Say we are interested in the immigration situation in 2013:

df.can['2013'].plot(kind='hist')

plt.title("...")
plt.ylabel("...")
plt.xlabel("...")

plt.show()

Output:
image

Note: the bins is not aligned with the tick marks on the horizontal axis.

To make the result more effective:

import numpy as np

count, bin_edges = np.histogram(df_can['2013']) # divide/partition into 10 bins and save the frequency into `count`, and the bin edges into `bin_edges`

df_can['2013'].plot(kind='hist', xticks = bin_edges) # use the bin edges as the x-axis ticks

plt.title()
... ...

plt.show()

Bar Charts

Unlike histograms, compare the values of a variable at a given point in time. Eg, the immigration situations of iceland to Canada from 1980 to 2013.

image

Again, this is our dataset:

image

So how to draw the figure above?

years = list(map(str, range(1980, 2014)))

df_iceland = df_can.loc['iceland', years] # df.iloc[#,#]

df_iceland.plot(kind = 'bar')

plt.title("...")
...
plt.show()

Specialized Visualization Tools

Pie Charts

Our dataset: (Country is the index instead of a variable, and the column total is also derived by taking sum.)

We could using df = df.set_index('Col1') to set a column to the index.
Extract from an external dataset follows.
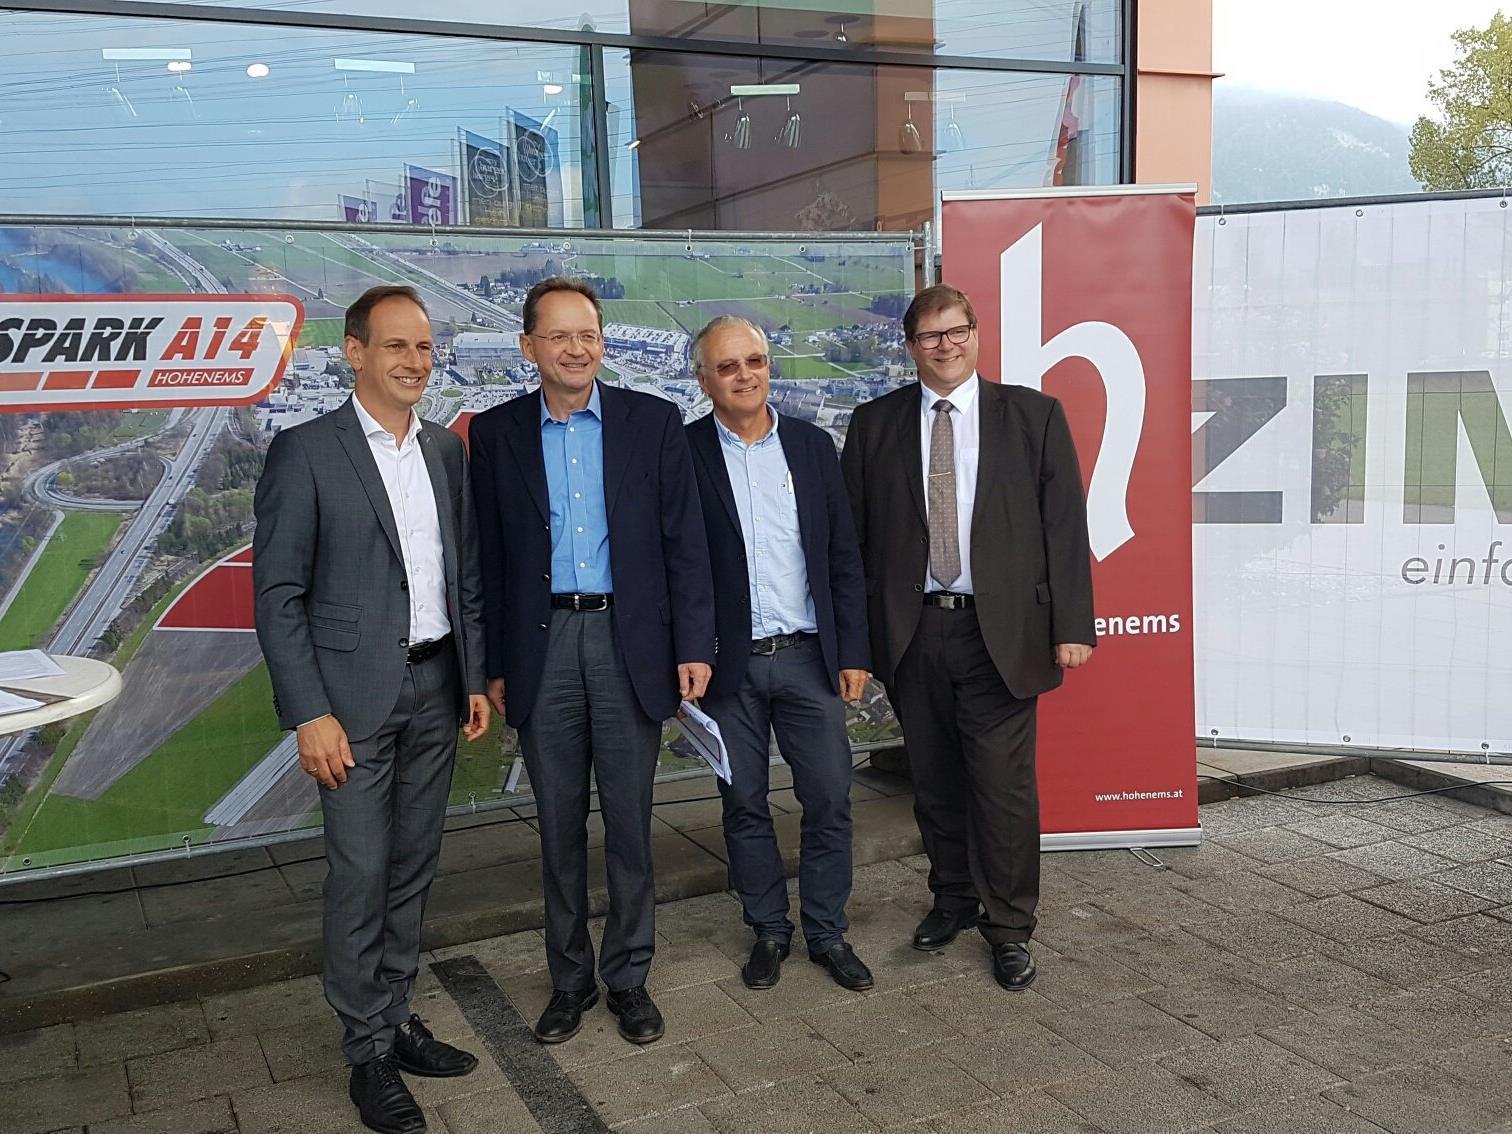 v. l. Bürgermeister Dieter Egger, GRASS-Geschäftsführer Christoph Walter, ZIMA-Geschäftsführer Mag. Elmar Girardi, Wirtschaftsstadtrat Arno Gächter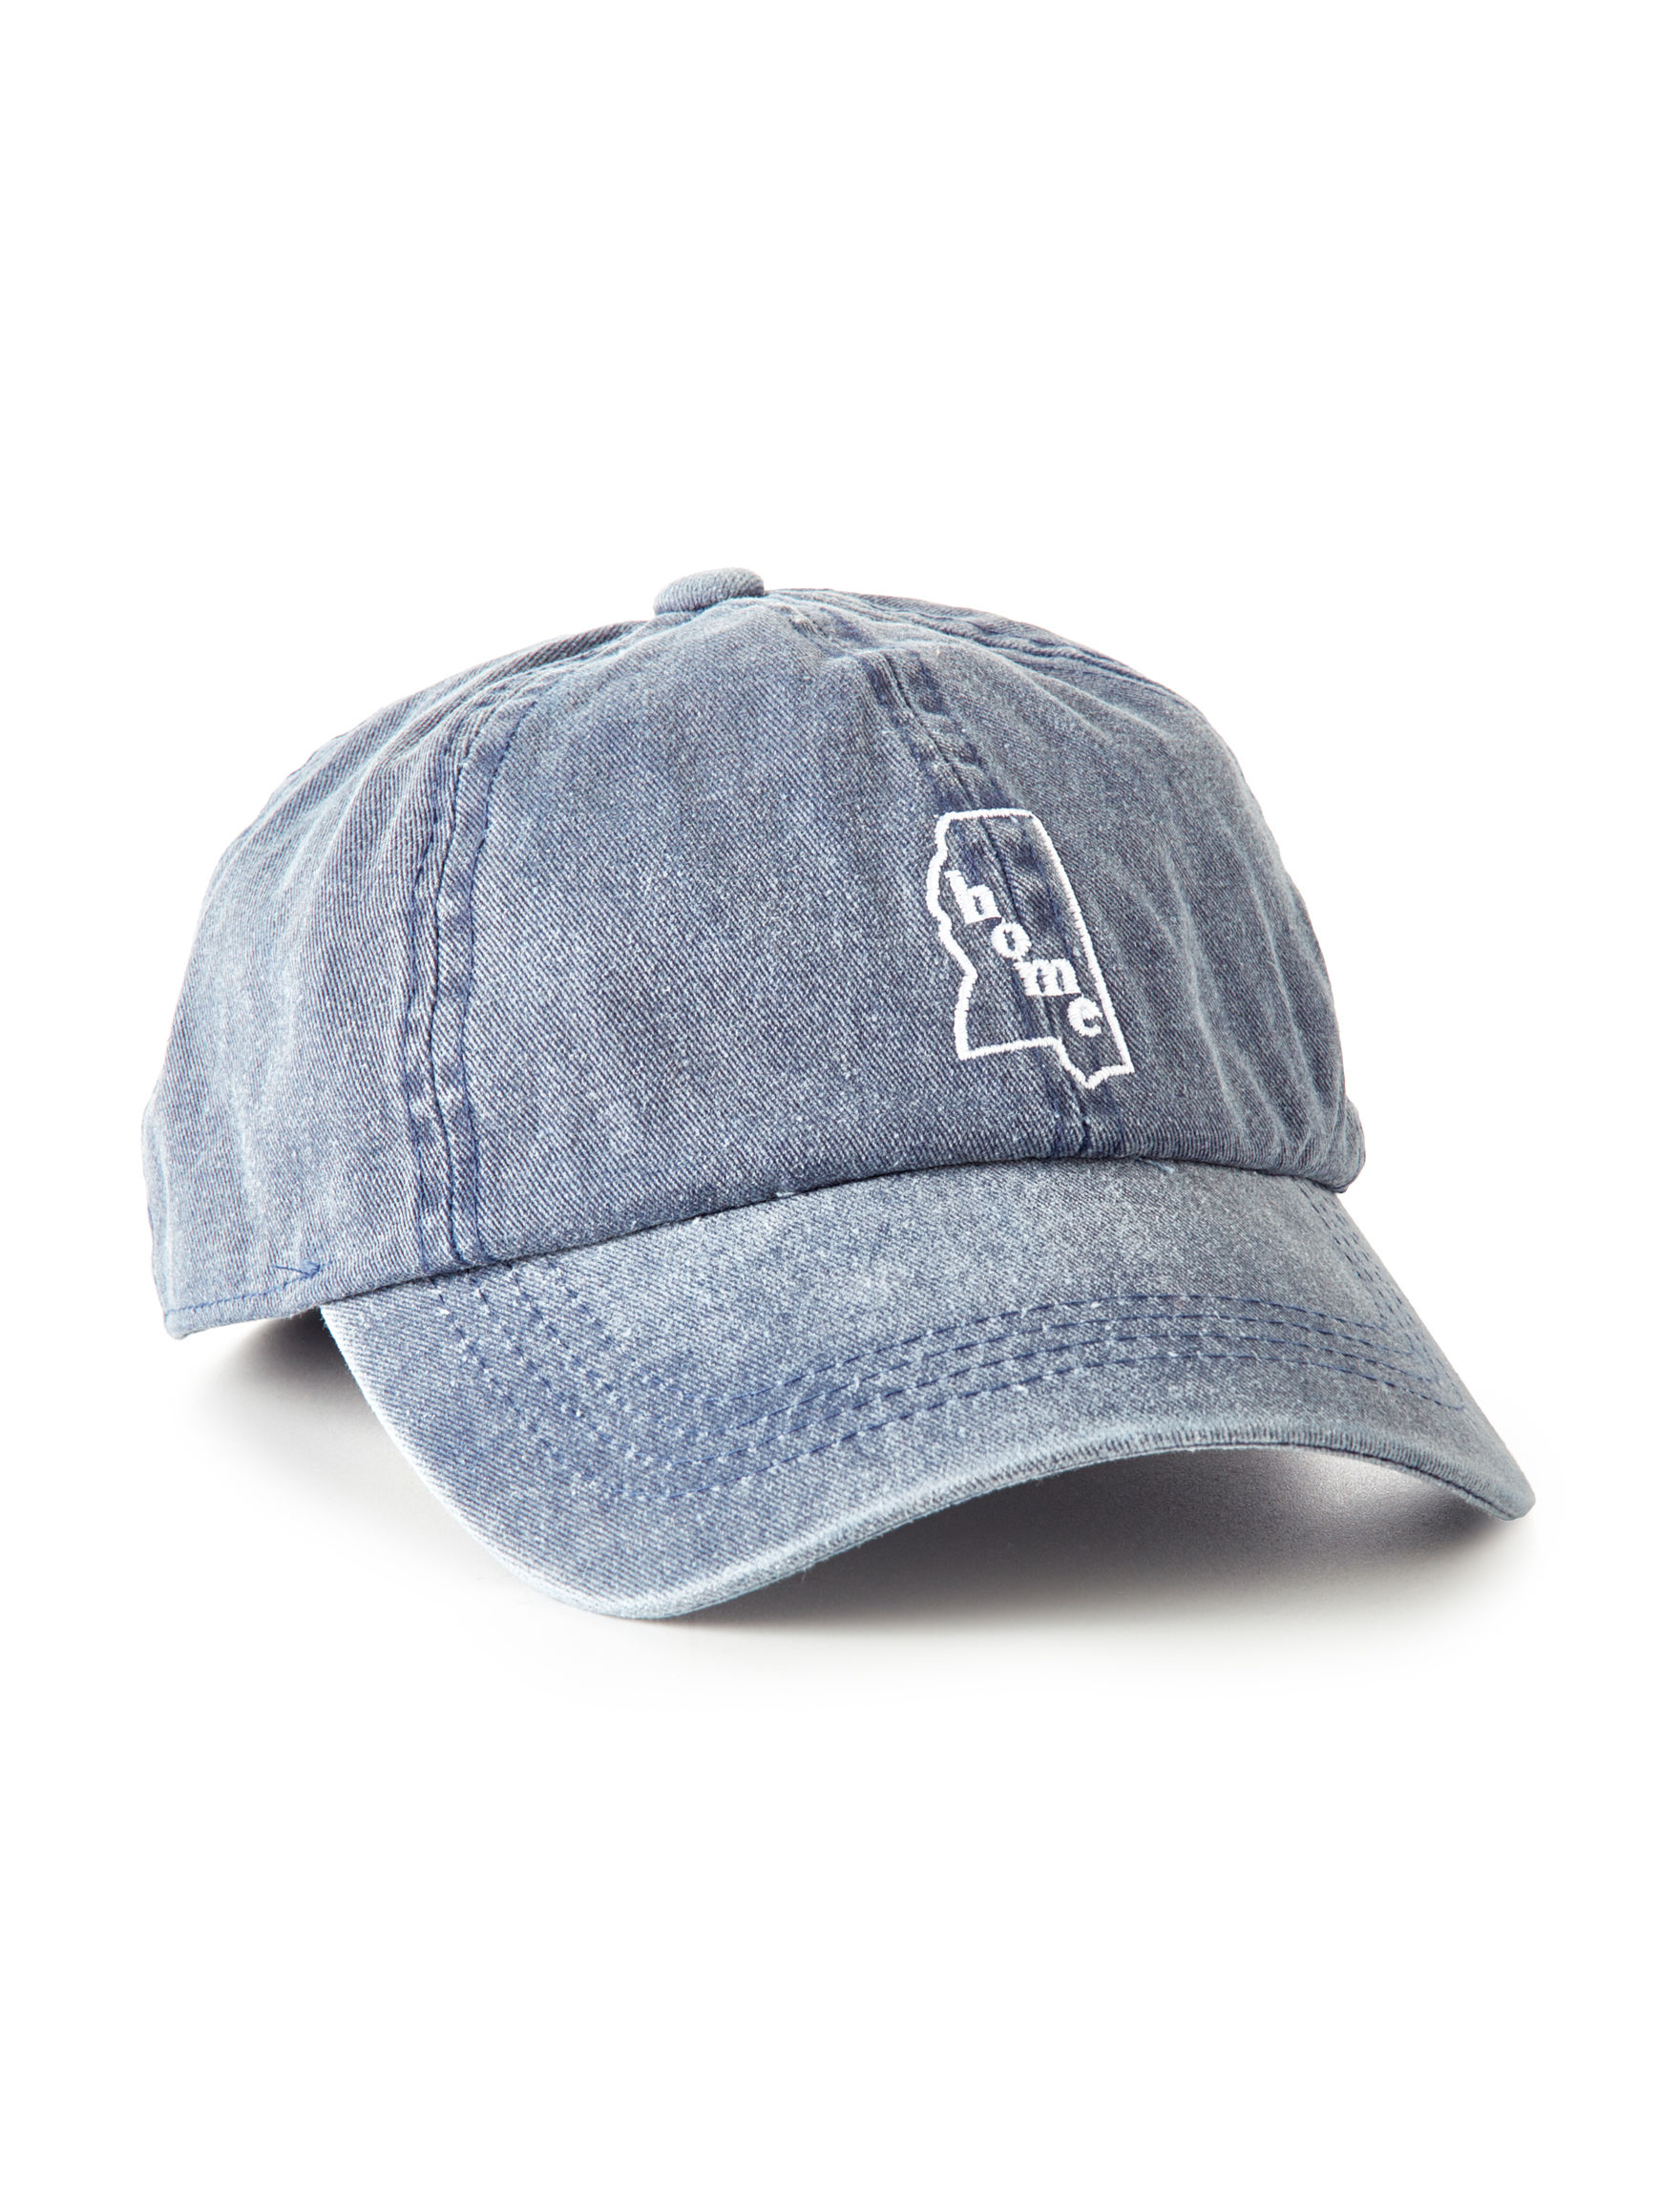 David & Young Blue Hats & Headwear

And then we could use df.index.names = [None] to remove the index name. For the table below, we will remove the word Country and the blanks within the same row then.

image

We could use the following code to generate a table below.

df_continents = df_can.groupby(‘Continent’, axis=0).sum()

image

Then plot:

df_continents['Total'].plot(kind='pie') 

plt.title('...')

plt.show()

Output:
image

Note: in many cases, pie charts are not a good choice compared with bar chart, although they may look pretty attractive.

Box plots

image

Say we want to know the box plot of Japan’s immigration:

df_japan = df_can.loc['Japan', years].transpose()

df_japan.plot(kind='box')

...

plt.show()

Output:
image

Scatter Plots

image

Our data: image

image

Say we want the scatter plot of total between 1980 to 2013:

# we need to specify the x and y axis variables
df_total.plot(
    kind='scatter',
    x='year',
    y='total',
)

plt.title("...")
... ...
plt.show()

Output: image

Week 3

Advanced Visualization Tools

Waffle Charts

image

Not supported by matplotlib. Check PyWaffle.

Word Clouds

image

Not supported by matplotlib.

Seaborn and Regression Plots

  • Based on Matplotlib
  • Efficient. 20~ lines of code using matplotlib could be replaced by 5 fold using seaborn

Let’s look at regression plots. Say this is our data:

image

Using regplot:

import seaborn as sns
ax = sns.regplot(x='year', y='total', data=df_tot)

Output:
image

We can change the color and marker by adding color='green', marker='+' into regplot().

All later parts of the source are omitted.